Yes… and no? Research does indeed suggest that extroverts tend to be happier than introverts on average — so there is some basis to this question being a valid measurement of extroversion. But is it all? Definitely not.
Which brings me to the first type of validity I want to introduce to you — Content Validity.
Content Validity — One Form of Validity
Content Validity describes the extent to which your measurement scale covers all aspects of your construct. For extroversion, it would include things like happiness, energy around people, enjoyment of meeting strangers etc etc. My single question of “I am generally a happy person” is definitely insufficient to cover all aspects of extroversion — making it weak in terms of content validity. Do note that validity, similar to reliability, is judged at the scale level— not at the item level. So a more accurate (hah!) depiction of low content validity would be if all questions in the extroversion scale revolve around happiness only.
People argue that their scale has high content validity — in a similar manner to how I did above. Unfortunately, there’s no quantitative metric for content validity — only qualitative arguments. So to “prove” content validity, typically we need to go interview subject matter experts, do literature review, find past scales that measure similar things for comparison — etc etc etc. (this links back to why HP3804 has the strongest qualitative component out of all the statistics modules in NTU — scale development has an inherent qualitative component to it! You can’t run away from arguments in the field of psychometrics unforatey. Say bye bye to your simplistic decision rules of p < 0.05!)
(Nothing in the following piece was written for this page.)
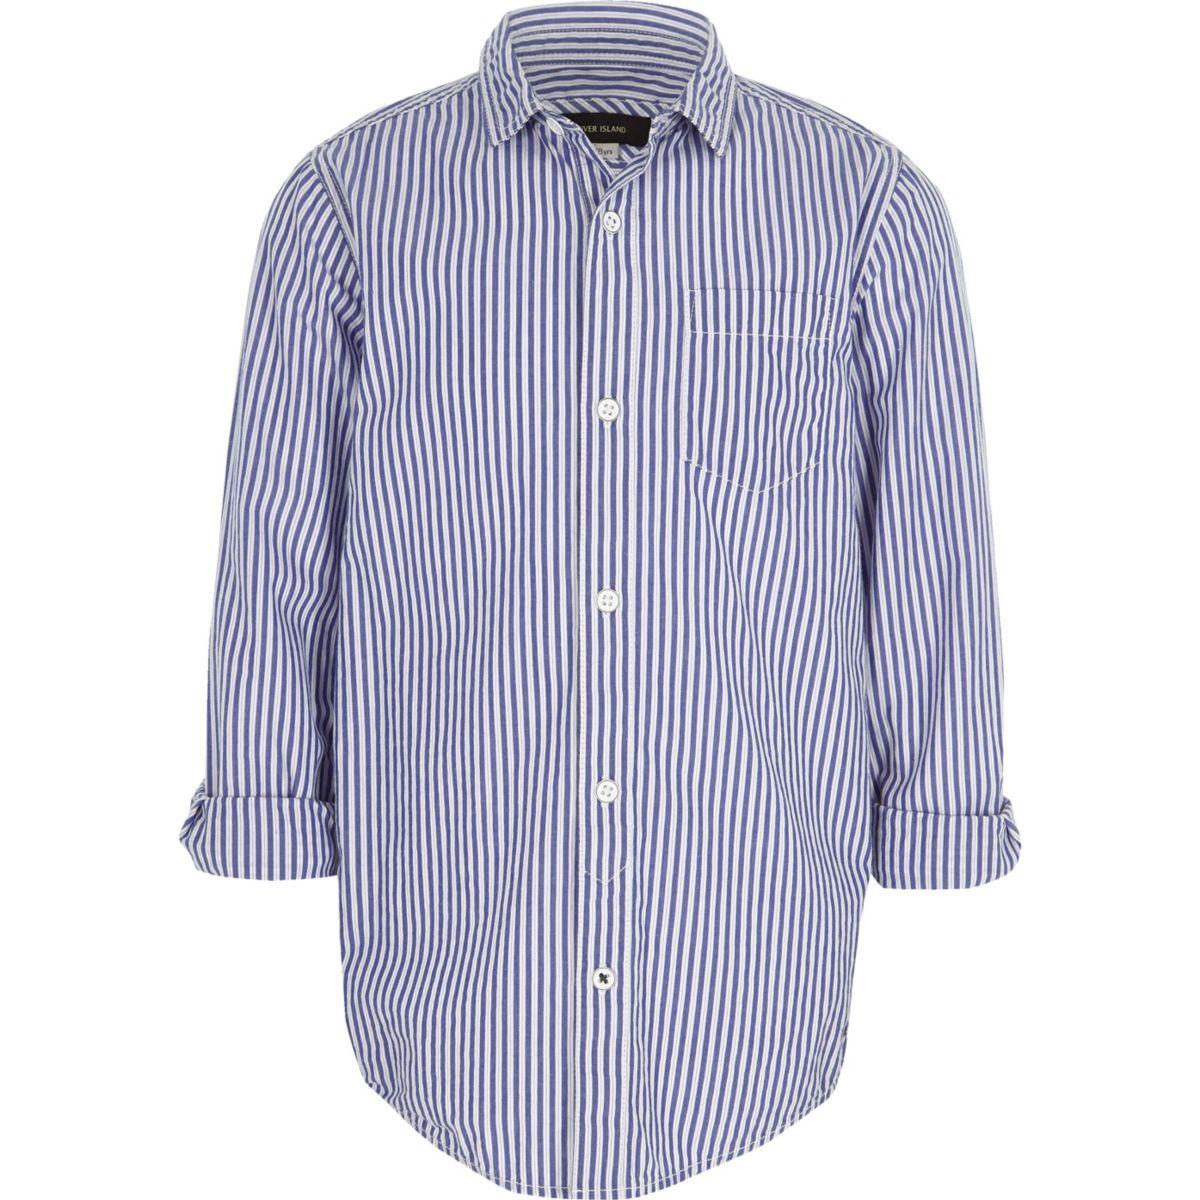 Chemise bleue rayée garçon

If there’s no quantitative metric for content validity — is thre a quantitative metric for other forms of validity? Yes, there is!
Convergent & Divergent Validity
Convergent/divergent validity are one of the most commonly reported forms of validity — simply because it’s easier to show a number than read an entire essay about why the scale is valid. Convergent/divergent validity is defined as the correlation (back to basics folks!) between your scale score and other similar/dissimilar scale scores.
To illustrate this, say I am developing a new scale to measure extroversion (lol I am milking this construct). I expect the my new scale score to be moderately correlated with happiness scales — because happiness is a component of extroversion (as much as the introvert in me disagrees personally with this, in the literature this is accepted so…. oh wellz.)
On the other hand, I would expect my scale to have no to low correlation with an unrelated scale — say foot size. If there is a correlation betwee foot size and extroversion… well… Something is wrong.
To display convergent/divergent validity, we sometimes show a congergent/divergent validity table like this:
Importantly, the values in green showcase should show the moderately high correlations with related constructs, while the values in red should show a low correlation with unrelated constructs.
Side note 1: For convergent validity — it is important to remember that you want moderately high correlation — not super high correlations! Rationale is because if the correlation is too high — your scale is not measuring anything new — and there’s no point using your new scale (I can just use the old one!)
Side note 2: No correlation does not mean negative correlation okay! In psychometrics the direction of things does not typically matter as much — we just flip the sign to align the direction. Say I am correlating an introversion scale to an extroversion scale — obviously the scale scores are going to be strongly, negatively correlated (say r = -0.9). This is still under CONVERGENT validity — not divergent! Because constructs are stll stronlgy related!
Side note 3: I have always found the concept of divergent validity a little weird though. I mean, you can theorectically pick any unrelated construct in the WORLD to get the low correlation (idk, average urine output per day?) So I don’t really see the point in it. Unless, it is to be used when you want to prove that your new scale is different from an existing construct — but even under this scenario it would fall under the moderately correlated (convergent validity) because you have this scenario when the existing scale is similar to your new scale in the first place. So I can’t think of any real scenario when divergent validity is truly useful — do correct me if I’m wrong though.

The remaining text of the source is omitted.